God, I couldn't be less inspired to do a blog posting if I tried. But it's been about a week, and a certain pain-in-the-ass is giving me shit (again), so what the hell. Let's slap a stamp on it and mail this fucker in. Before we get to the actual post (which relates to the post title), I figured we'd do a quick bit of catch-up.
Life has actually been pretty good (and maybe that's the problem). Of course, last week at work was the exception. My boss was on vacation, and whenever she goes on vacation, all hell breaks loose. Last week we had a kid overdose on heroin and die in one of the bathrooms of the developments we manage. Jesus. Talk about depressing. And now we're dealing with cops and family members and the whole mess is just sad.
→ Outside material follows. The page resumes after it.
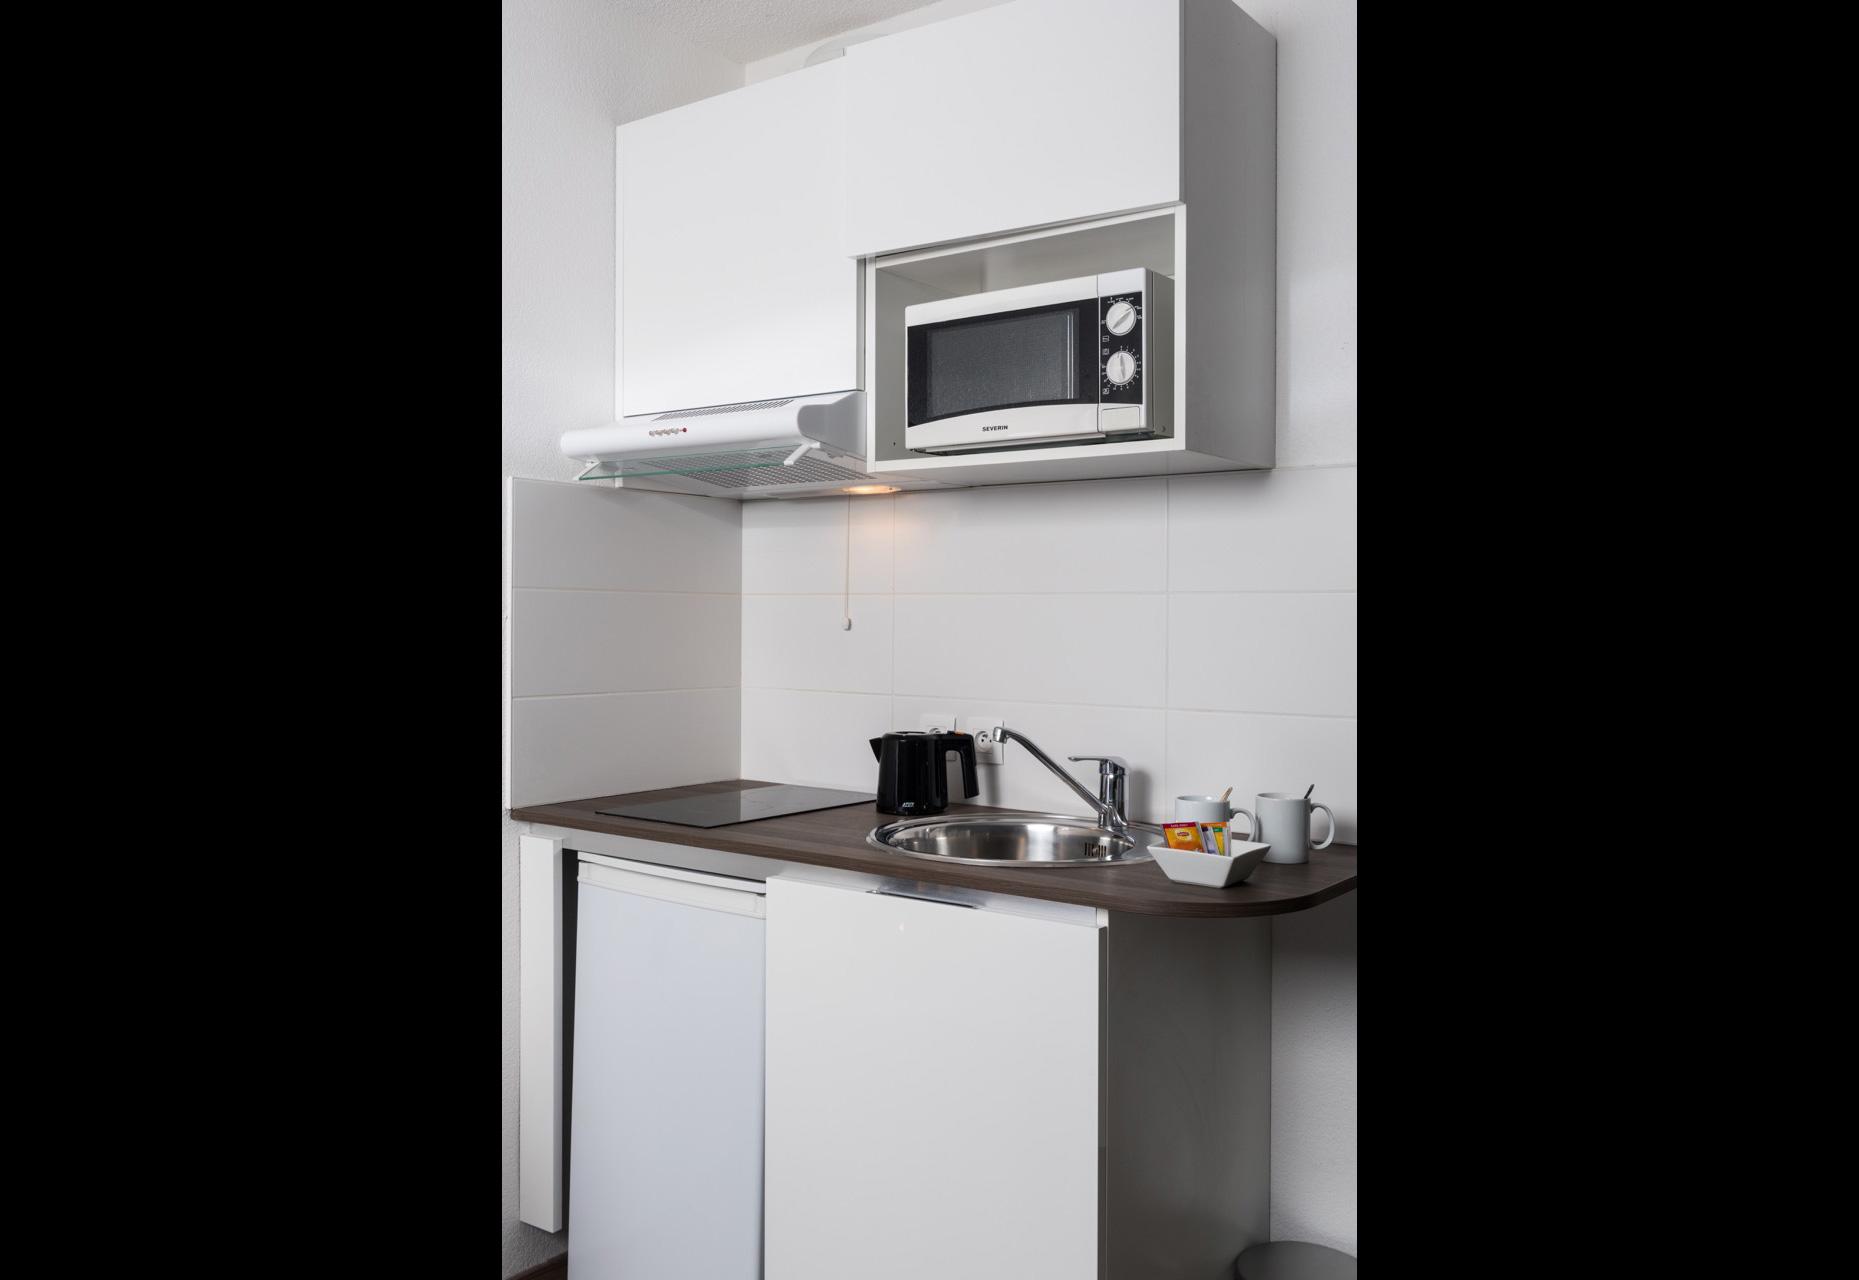 hygena merignac cheap promos de chantemur dans le prospectus mrignac gironde with hygena. Black Bedroom Furniture Sets. Home Design Ideas

Then we had the cops try to serve a warrant on one of our more unsavory residents. He ended up jumping out of a window with a gun and knife in hand, fleeing into a neighboring apartment, knocking the woman there around, and then holding a knife to his own throat to try to get the cops to back off. The cops, after he busted out the window, ended up calling in S.W.A.T., tore the place apart, and needless to say, did not back off. Cops don't like it when you run away, and they don't particularly like it when you beat up helpless women while doing so. Anyhoo, I suspect the official report is gonna say he fell both up and down the stairs, if you get my meaning. They ended up finding 120 grams of cocaine, a .380 pistol, a .45 pistol, several rounds of ammo, $20,000 in cash and a fully loaded, fully modified AK-47 in his apartment.
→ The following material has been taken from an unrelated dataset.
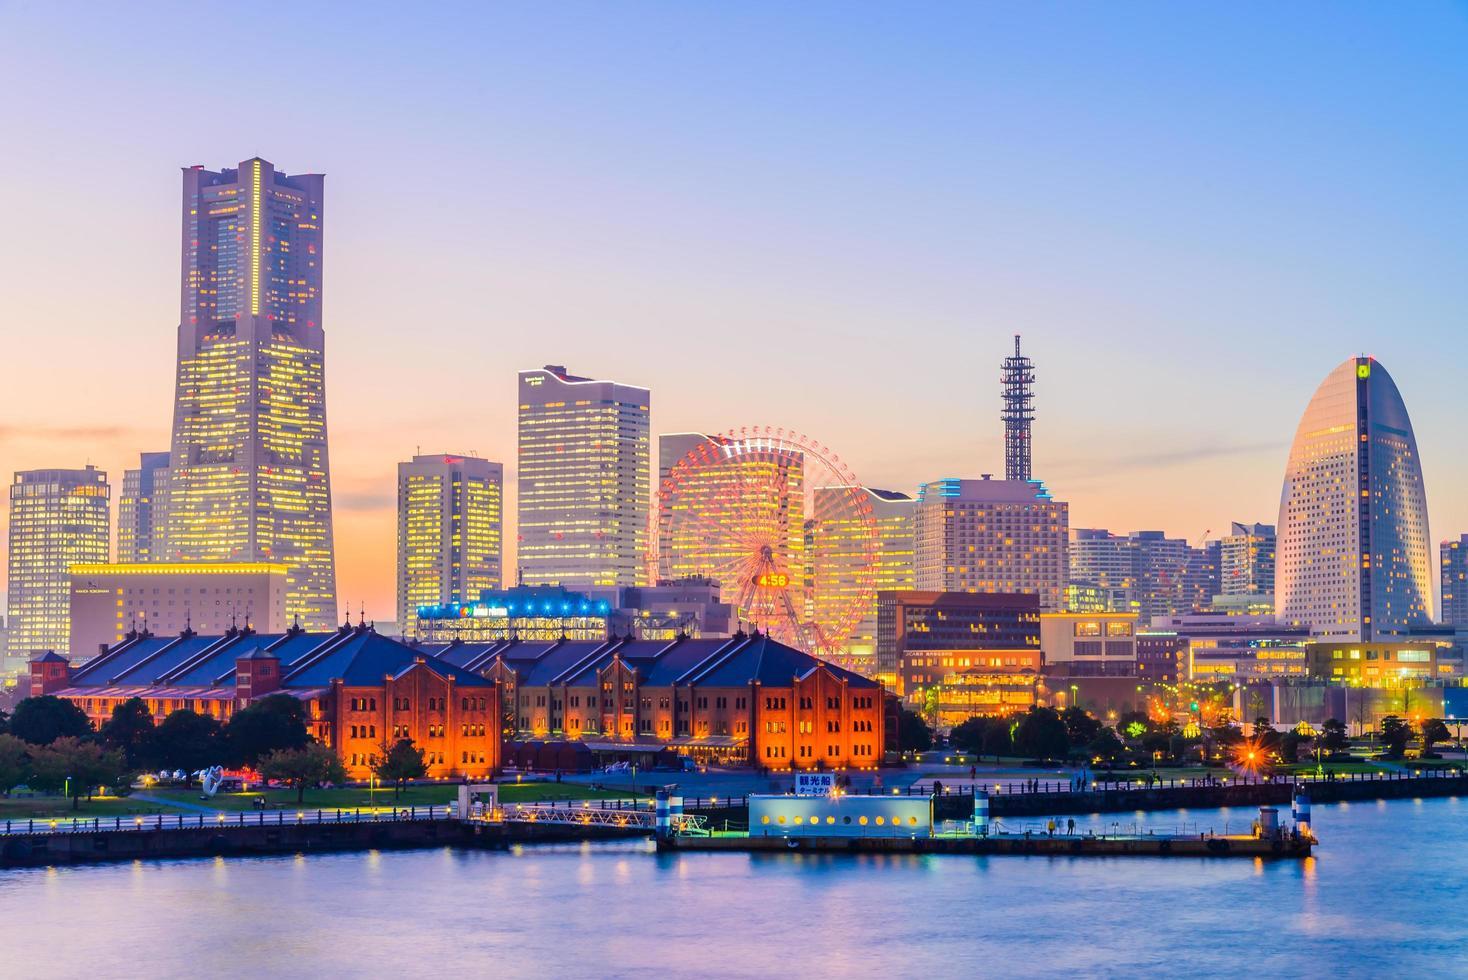 de skyline van de stad yokohama, japan foto

So yeah. How was your work week?
In more fun news, I'm going to see the Rebirth Brass Band on Friday, which should be awesome. Then Saturday one of my good friends from college is coming to visit, who I haven't seen in years. The the next weekend we're going to Provincetown with a bunch of friends, which should be a big, gay (it is P-Town, after all) blast. THEN my sister's coming for Labor Day weekend, which should be... well, we all know what happens when she and I get together.
Next month I'm doing a bachelor party/camping trip, a business trip to L.A., and then a wedding.
Jesus. I'm exhausted just writing all of that.
I figured that you all know me well enough, so it's worth noting that I haven't injured myself, nor embarrassed myself, in about 2 weeks. Except for Saturday night when I was drunk and tried to pick up the metal cover to our firepit and burned four out of five fingers. Oh, and last week I tripped on a blanket and went flying head first into my closet, ending up with a face full of shoes.
Crap.
Let's finish up with a completely random and ridiculous story. Monday night, I was at a friends house, watching baseball and drinking and getting high and eating Chinese food, because that's how I roll on a motherfuckin' Monday beeotch and shut up I don't have a problem and I don't need to talk to anyone and someone please hold me oh God I just need some attention oh please someone make the pain stop...
Whoa. That was strange. Who saw that coming?
Anyway. Monday I was at a friend's house... um... discussing French philosophy and eating salads before heading home for an early bedtime. And we ordered Chinese food, and two of us got the exact same fortune. I mean, exact same, front and back. Weird, no?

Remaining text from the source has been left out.